A comment article published alongside the Lancet study says "smokers tend to have lower average educational attainment, worse diets, lower physical activity levels, and greater alcohol consumption than non-smokers". This signals that smokers are generally less healthy than non-smokers. This underlying unhealthiness could account for some of the diabetes risk increase – an example of residual confounding. How much of the risk increase is due to this underlying unhealthiness and how much is due to smoking is not easy to define.
The article also reminded us: "we cannot say definitively, based on the existing evidence, that smoking directly increases diabetes risk".

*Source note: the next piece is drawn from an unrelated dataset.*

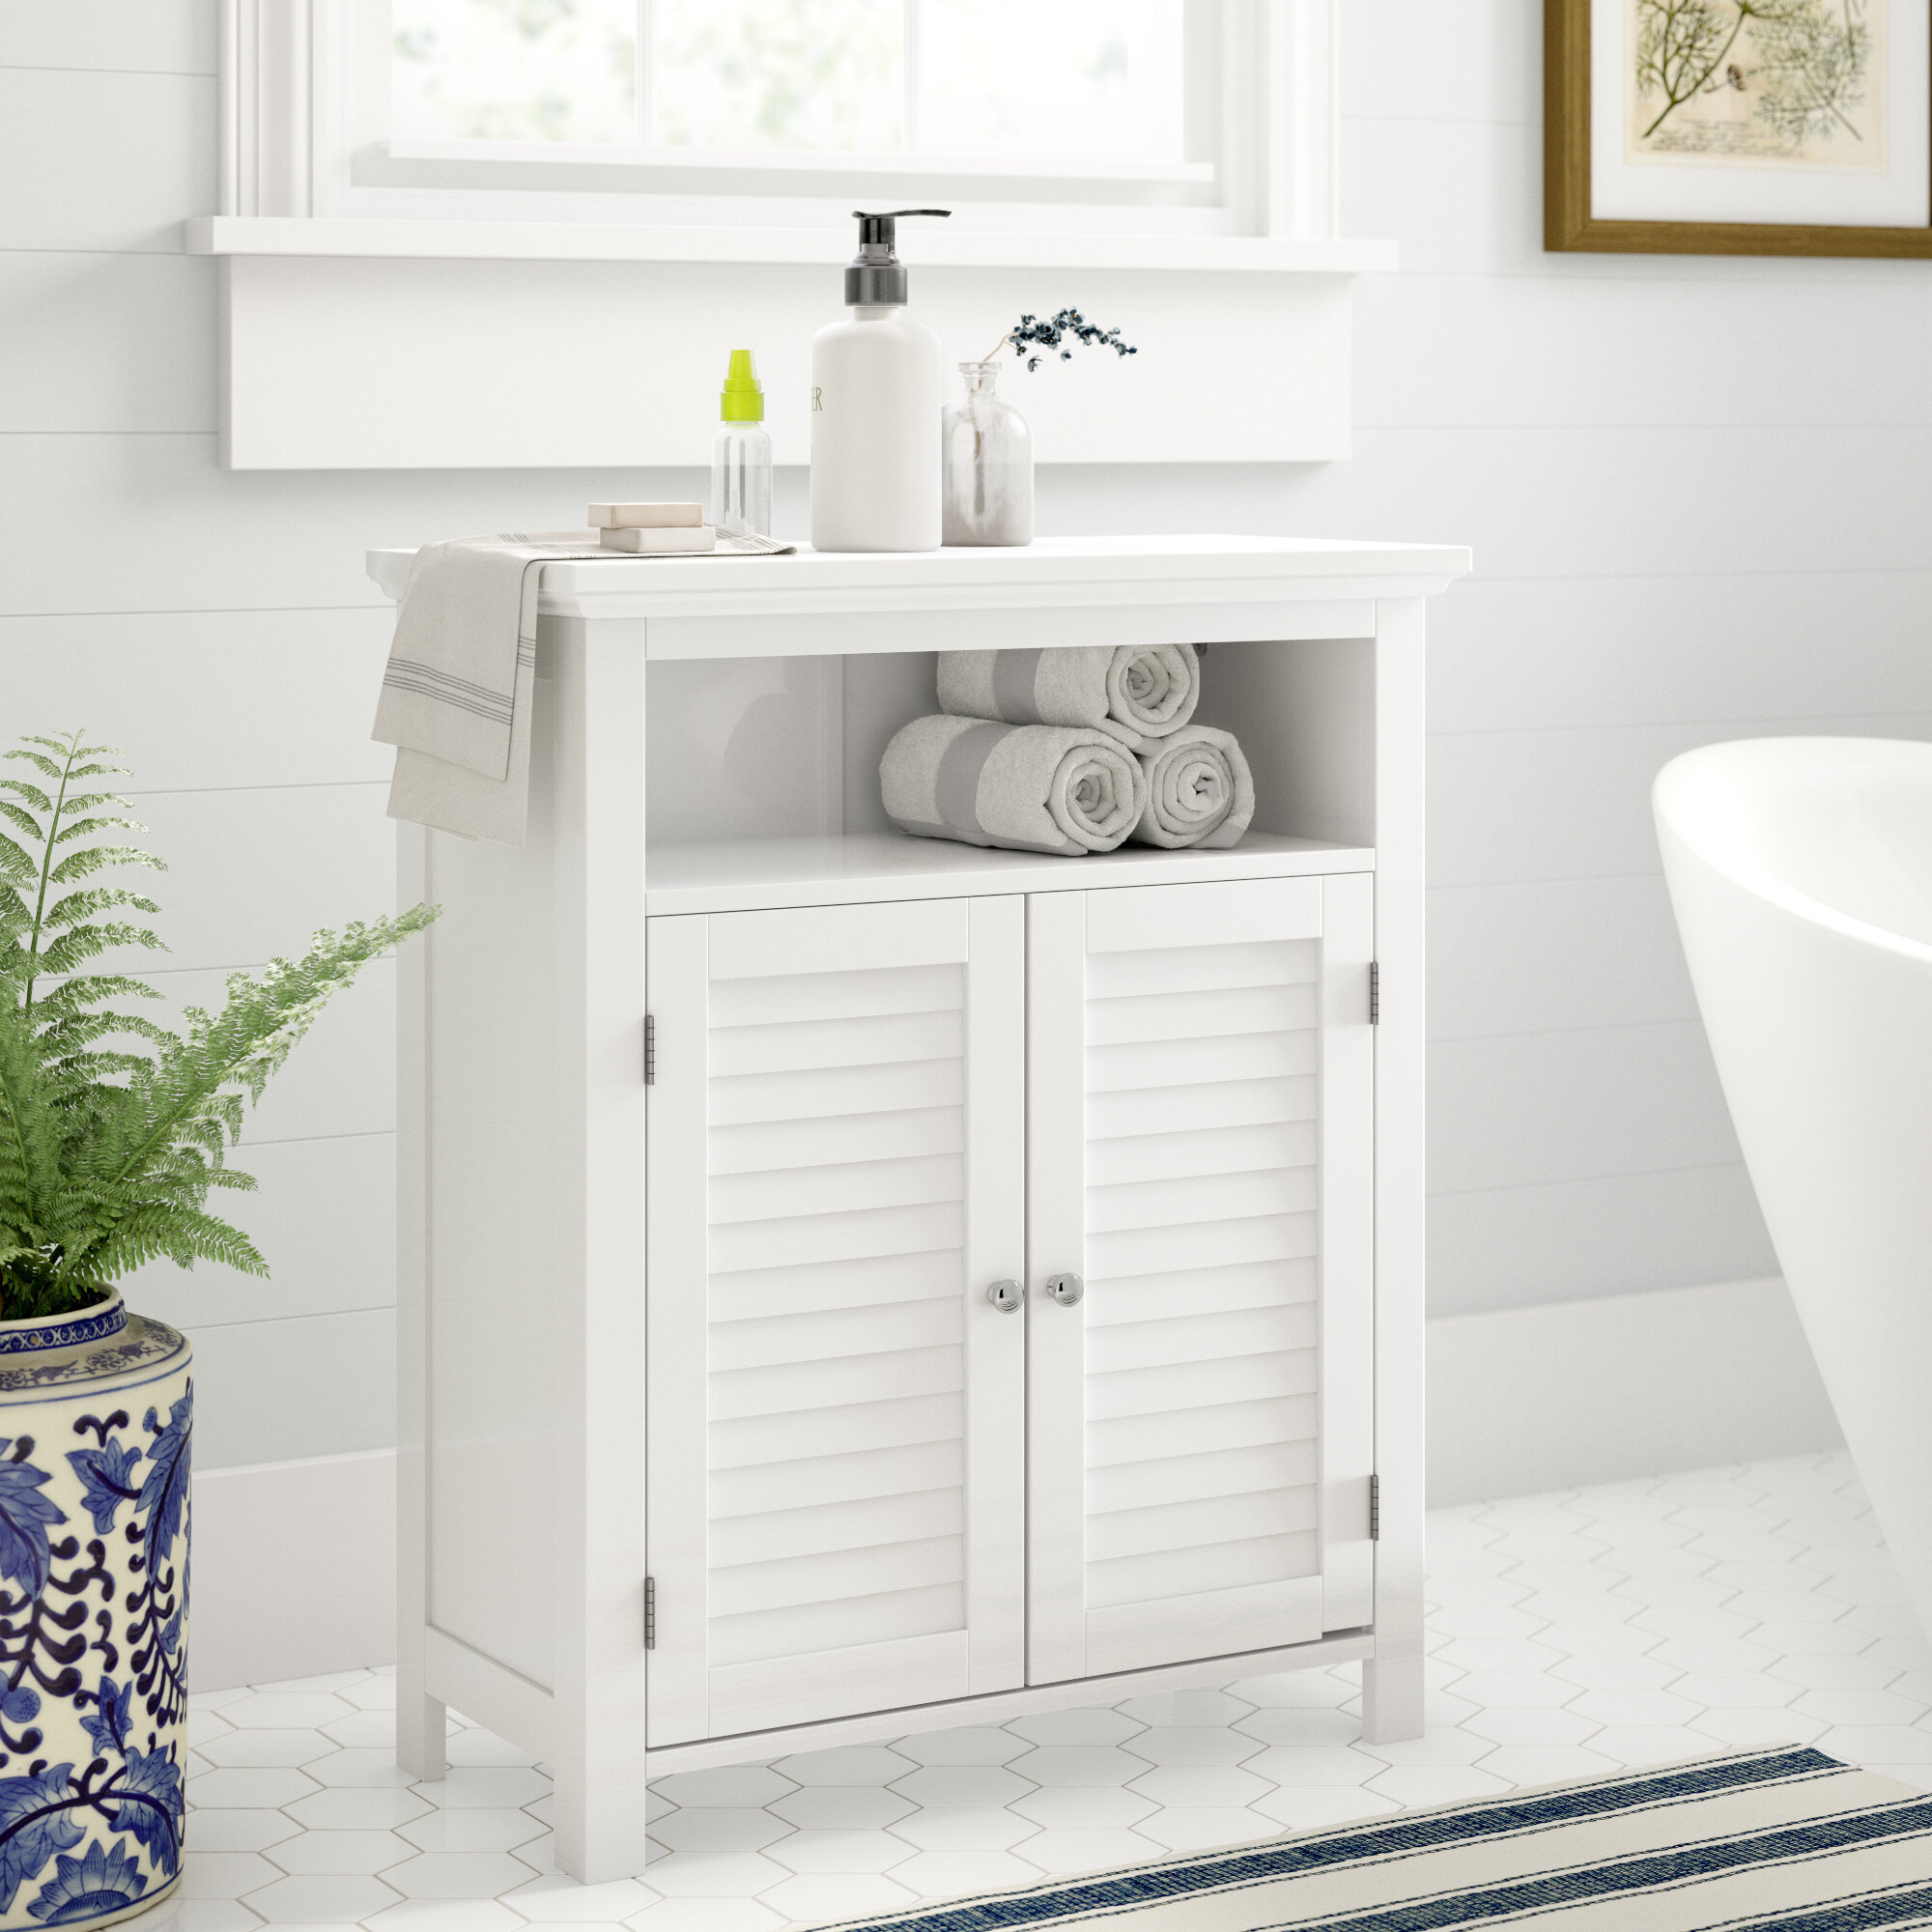 Sand & Stable Sleaford Freestanding Bathroom Cabinet & Reviews | Wayfair

Though the link appears clear for passive smoke exposure, it is also worth noting that self-reported passive smoke exposure could have covered various intensities of smoke exposure. This result was based on seven studies – three from the US, two from Europe, one from Korea and one from Japan. The specific questioning to establish passive smoking status is not reported. For example, some people could have meant they have been extensively exposed to smoke in their homes throughout their lives, while others could just have been referring to being exposed to passive smoke in public places occasionally. Therefore, although the link seems clear, the 22% increased risk estimate may be imprecise and could not easily be applied to particular individuals with passive smoke exposure.
Overall, while there is not a conclusive proof that passive smoking can increase diabetes risk, the harms of exposure to smoke, such as increased cancer risk, are well established.